The first thing you need when developing software is a proposal for a feature, where a feature is really just anything that you can define as “something the software does” that is one way or another exposed to the outside world, whether it’s in the form of a library with public API’s or a REST server.
Lets take a REST api as an example, before you add a new endpoint to the server there should be a proposal written up to make the change. The proposal doesn’t have to be very formal, but it has to be written down somewhere, usually it’s as a ticket in an issue tracking system.
Once a proposal has been discussed among project owners and the feature has been decided that it should be added you can start documenting the feature. We do this at the start of the process not just to make sure it actually gets documented, but to make sure that when someone later on is going to develop the feature they have something to read to understand the more theoretical aspects of how the feature they are developing works.
Take making a new AI framework for example, it’s a very complicated field with many ins and outs, and it’s not certain the developer that writes the code is a full on data scientist. If you write down all the theory first it’ll make sure that there are as few questions later about how the feature should work as possible.
The way I tend to do this is by creating Jupyter Notebooks in my projects, generally with the evcxr
kernel so that I can use Rust code of course. This allows you to essentially write a little article with sample code for how the feature should work. No matter how small the feature it’s always good to do, but grouping features together under e.g. the same struct or trait makes sure that the feature doesn’t get too granular.
Once the proposal has been documented we have a full theoretical grasp of what we’re writing from a more high level perspective with all its ins and outs we can write a technical specification that tells developers exactly how on a technical level things should be developed.
What’s the difference between the notes and a specification you ask? The difference is that the notes are less formal and doesn’t require the same level of uniformity to its structuring. You can think of the note taking process as writing a guide or blog post about a topic, while the specification is a formal document that tells you de-facto how something should function at its lower level in as much detail as possible.

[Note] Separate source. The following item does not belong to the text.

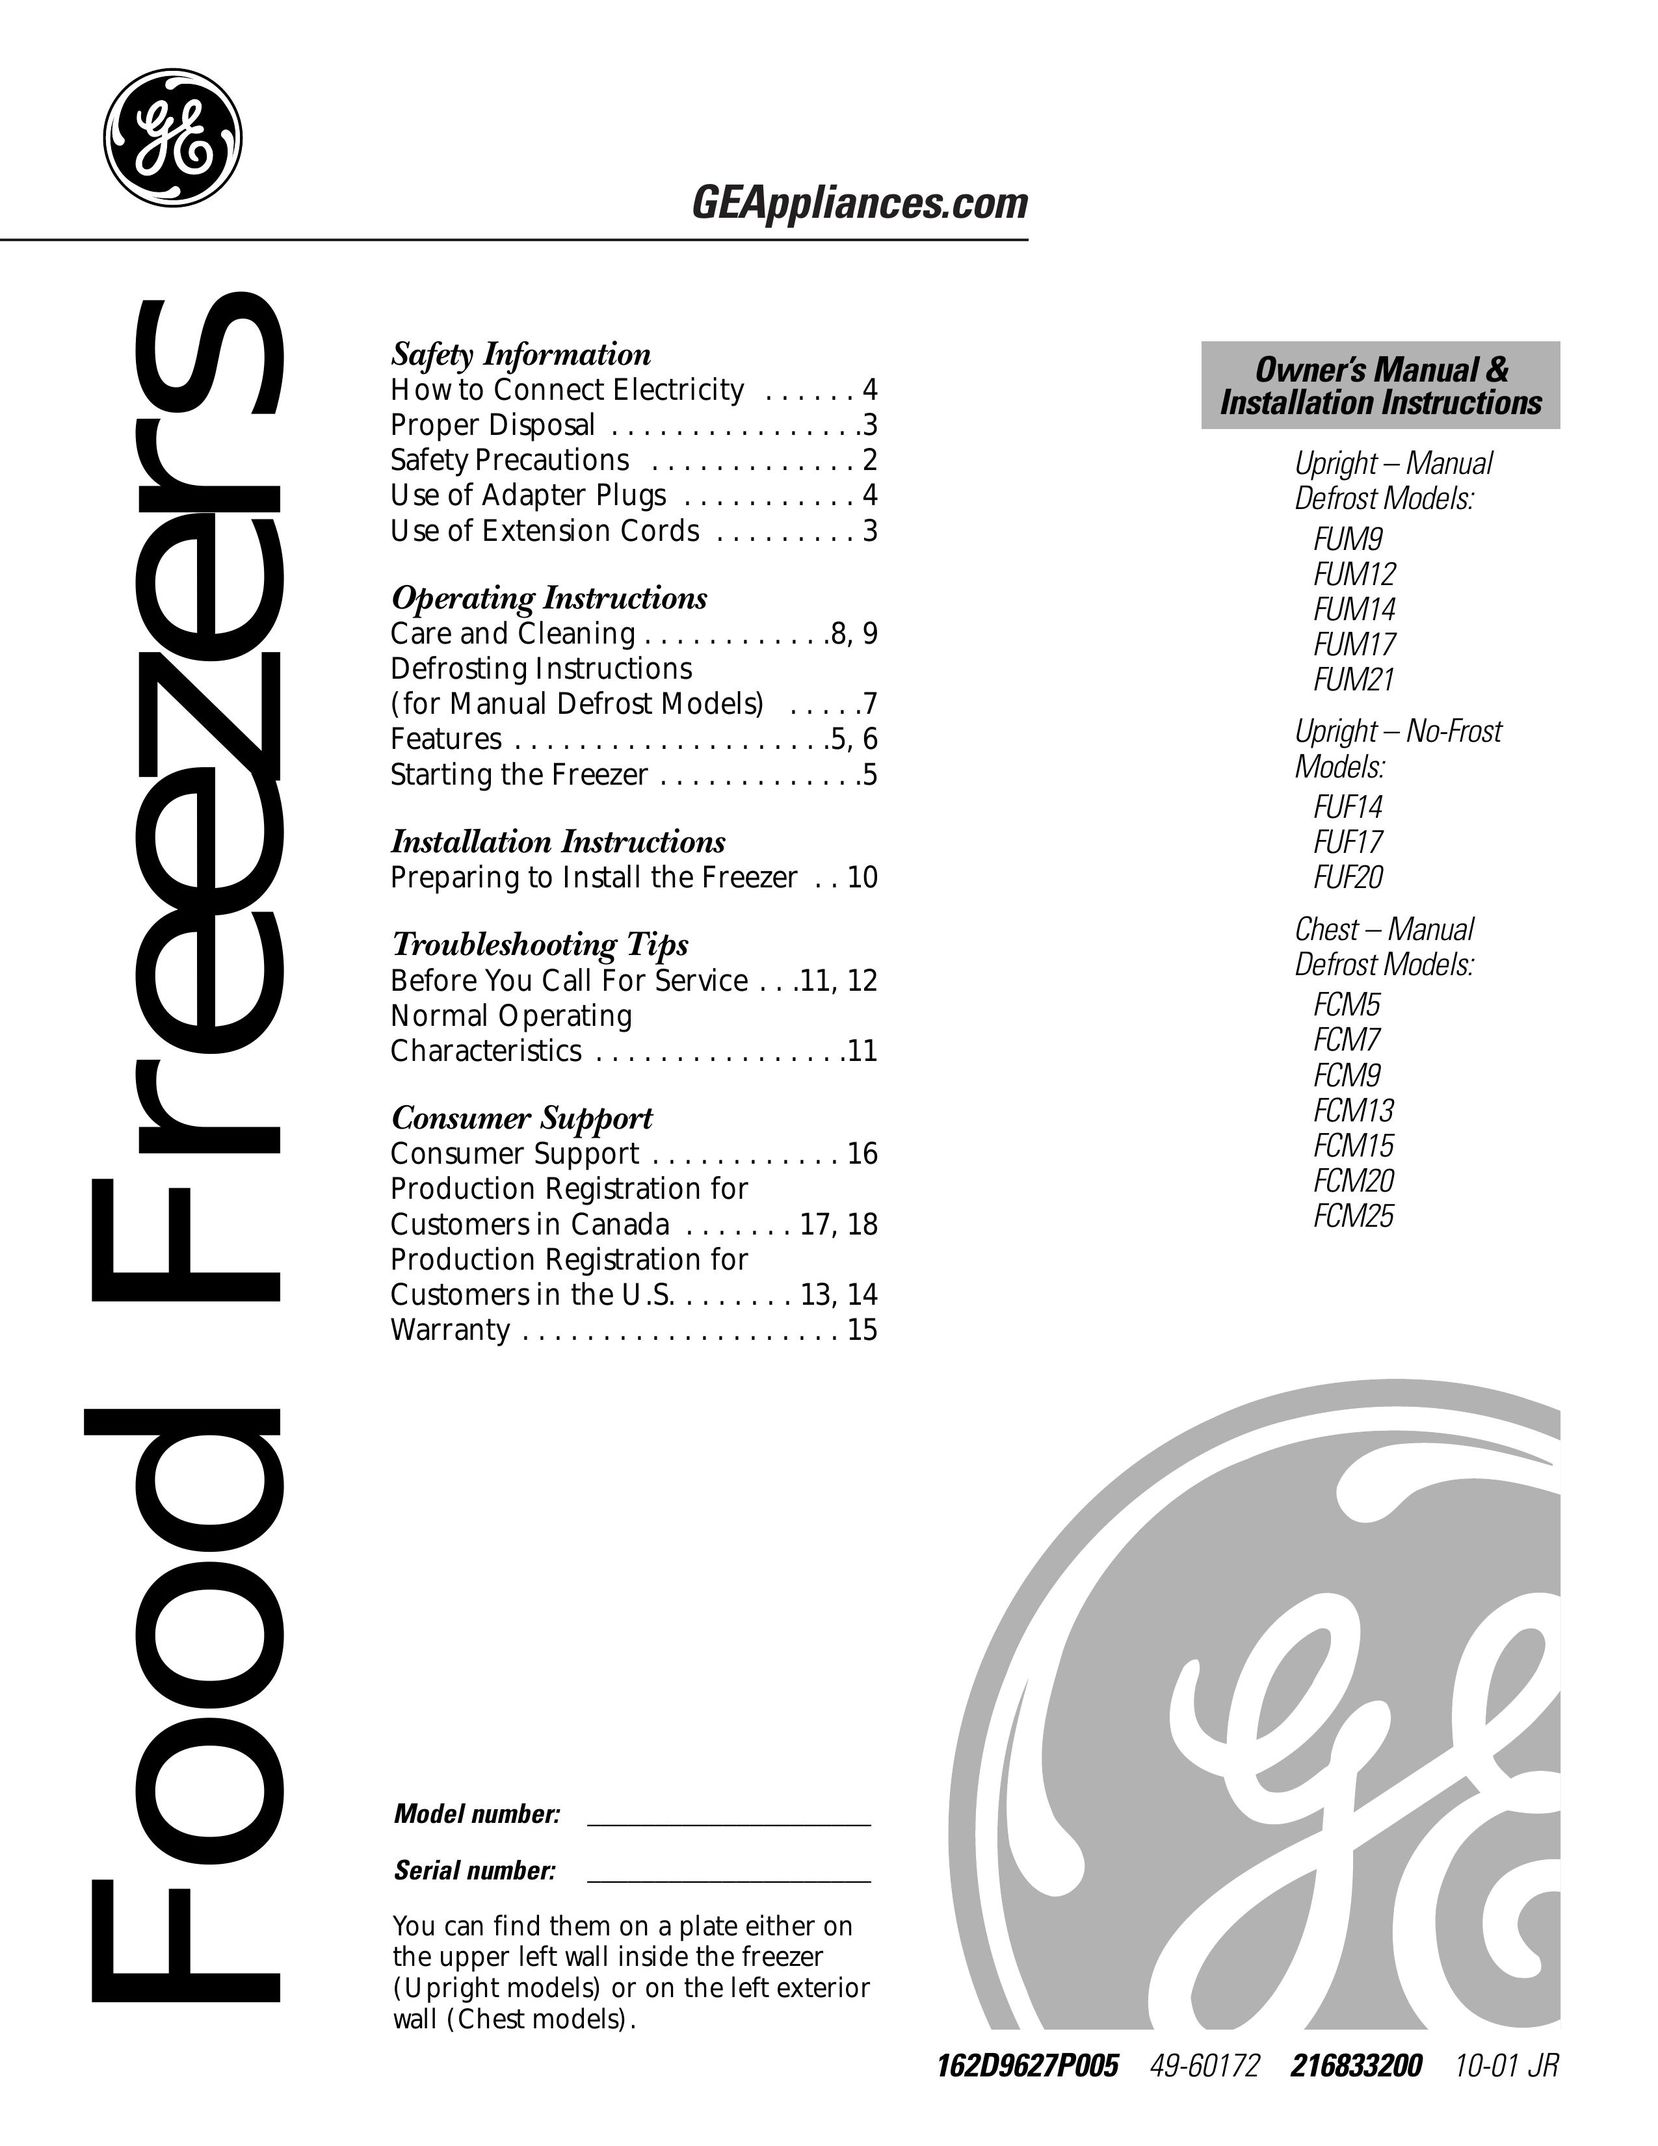 GE FCM15 Freezer User Manual

With the specification taken care of we can take our first step towards coding by writing a feature file. This is usually a Gherkin feature file since it’s such a great syntax to work with. The feature file serves to essentially describe from a more user focused point of view how they might interact with a feature or sets of features in order to perform various actions, where we can later on write steps that perform those actions, and collectively result in a series of tests.
With the feature file defined we can use it as inspiration for developing the interface of the feature. The interface is the empty functions and structs, they have the proper inputs and outputs so that valid code can be written that uses them, they just don’t execute any code that results in the desired behavior.

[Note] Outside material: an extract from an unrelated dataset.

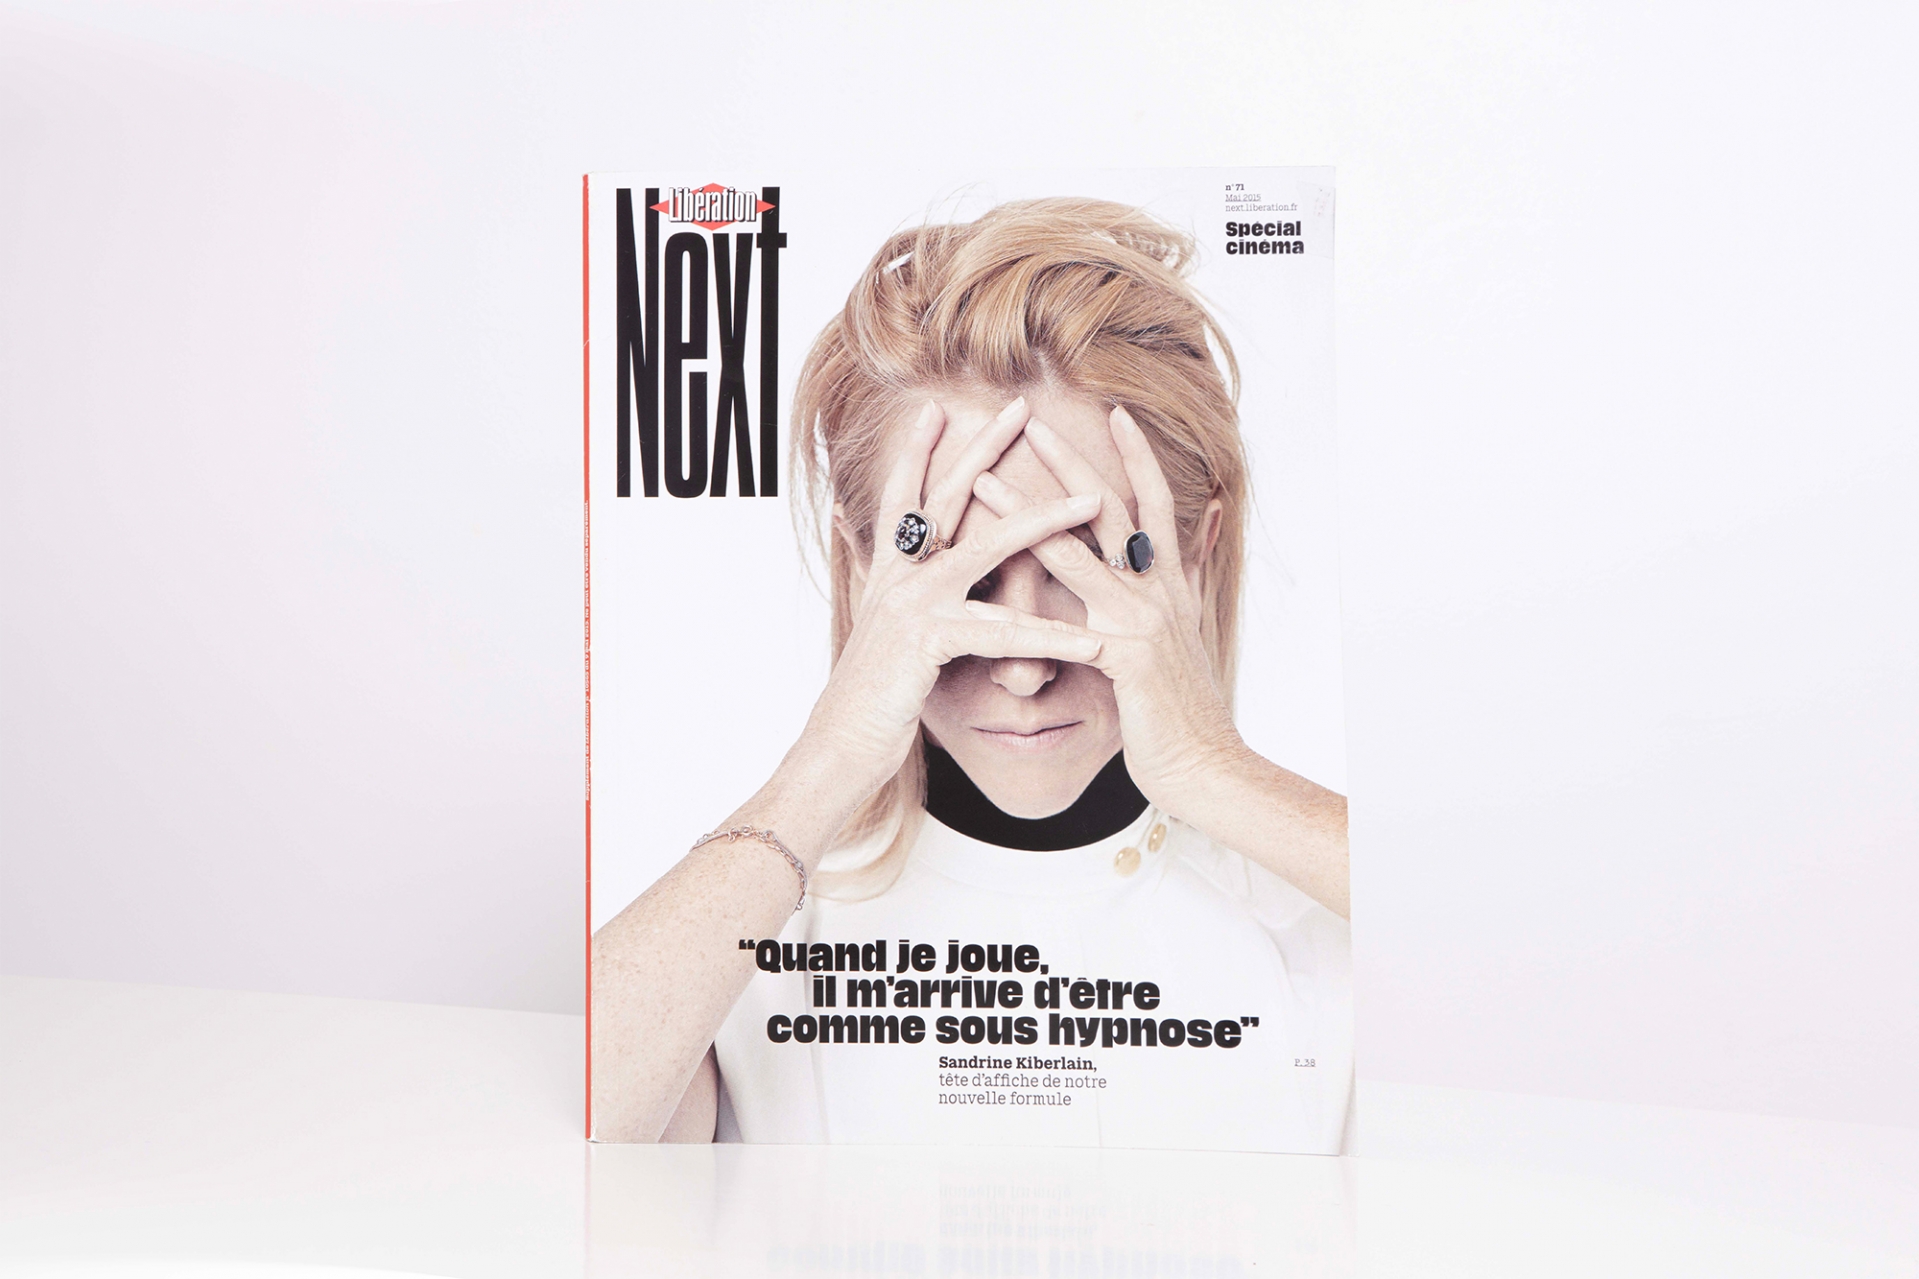 Next magazine redesign

By making empty interfaces instead of delving head first into writing code we can instead focus on getting a logical codebase that makes sense first. The interface writing process is done when the project can still compile when it’s done and matches what the previous steps have defined.
We write examples at this point that uses the interface, both to illustrate to other how the code might be used in practise and to develop our first integration tests. This also helps validate that our interface engineering process has resulted in something that makes sense.

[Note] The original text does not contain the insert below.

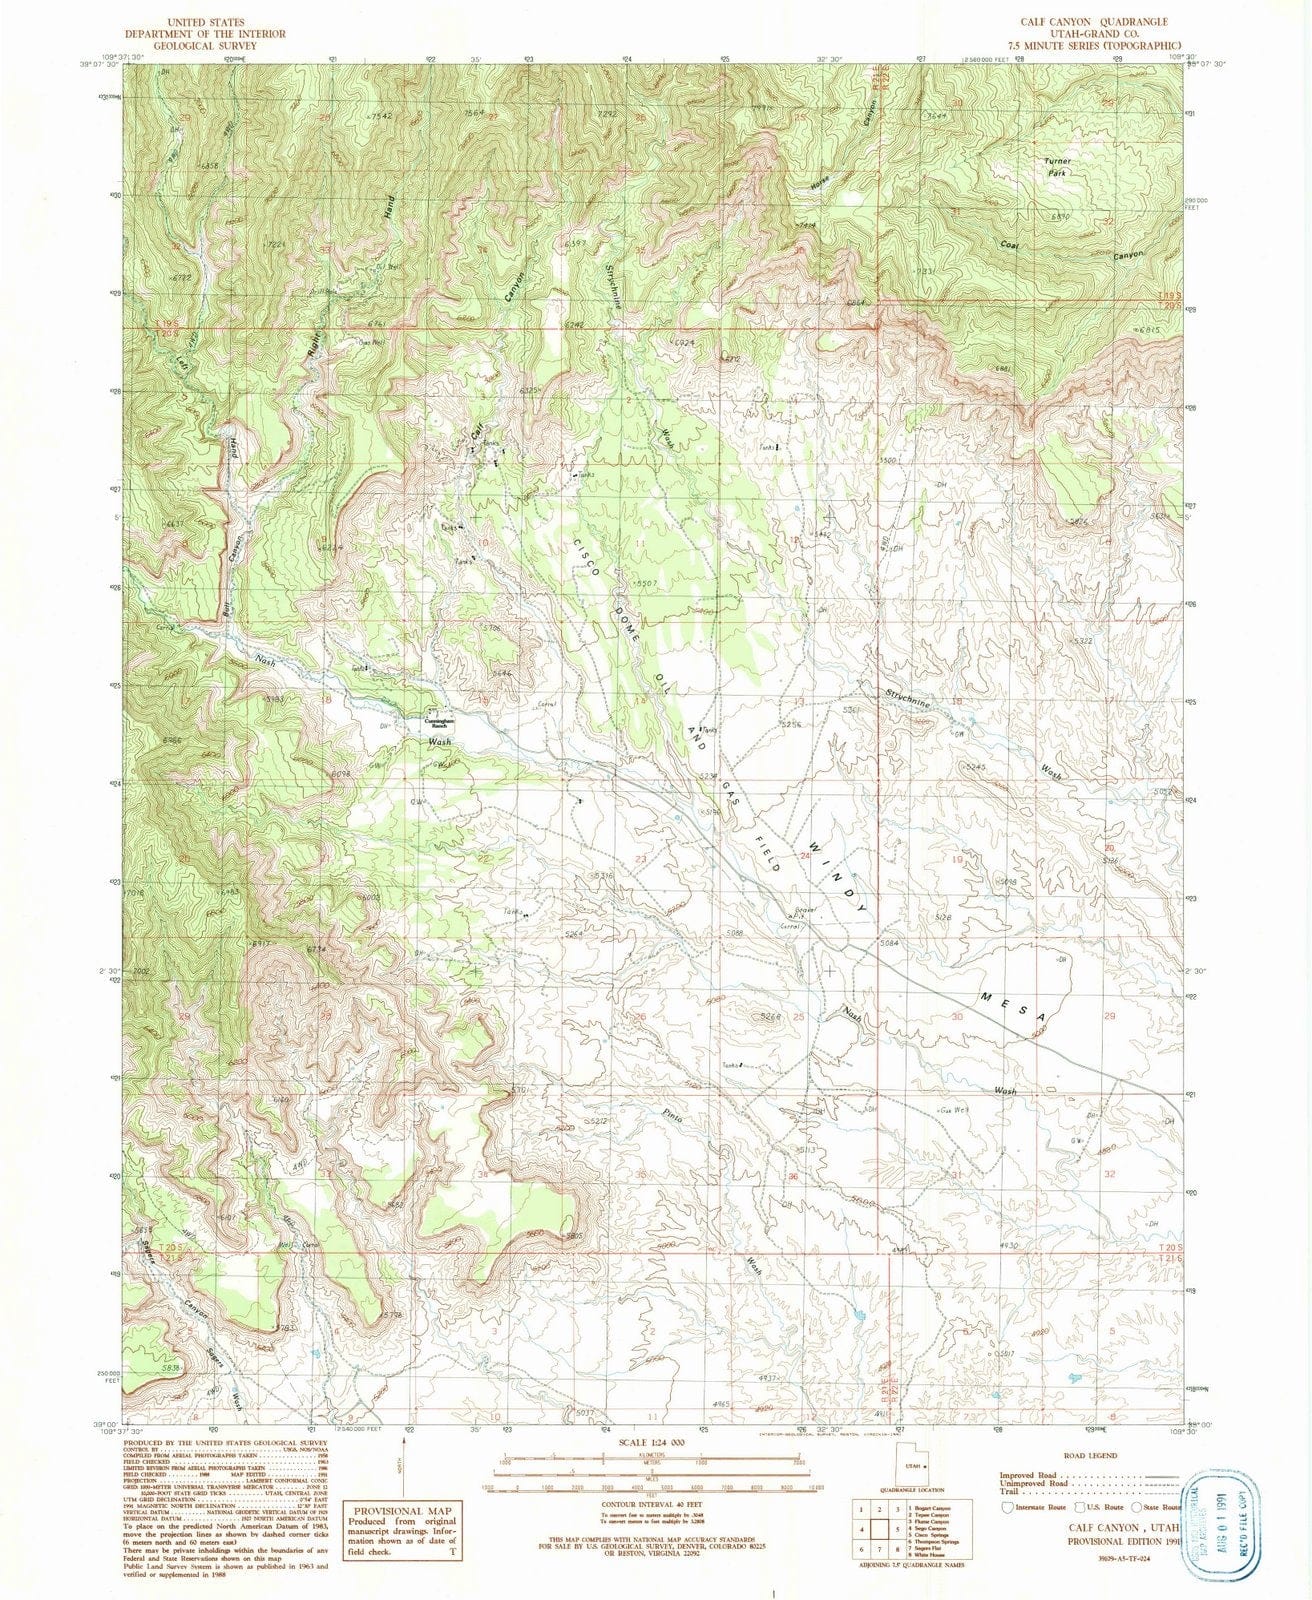 1991 Calf Canyon, UT - Utah - USGS Topographic Map

Since we have all the interfaces in place we can now go ahead and write unit tests for them. Up until this point the codebase was still compiling and running as per usual, but when we’re done writing unit tests the code should be failing in the test suite. The tests we write are based on the specifications and features and aim to catch as many scenarios as possible that ensures that no matter what code someone might write later, if the suite passes, so many scenarios have been caught that just the sheer fact that the suite passes means there can’t be any unexpected behaviors.
Simplified example, take a multiplication function. We write a test that says multiply(2, 2)
should have the result 4
.
Actually write the code.
- File length < 400: Code files are best when they are sub 200 lines of code. Up to 400 lines is acceptable, but discouraged. If you have above 400 lines of code in a single file you and I are gonna have issues.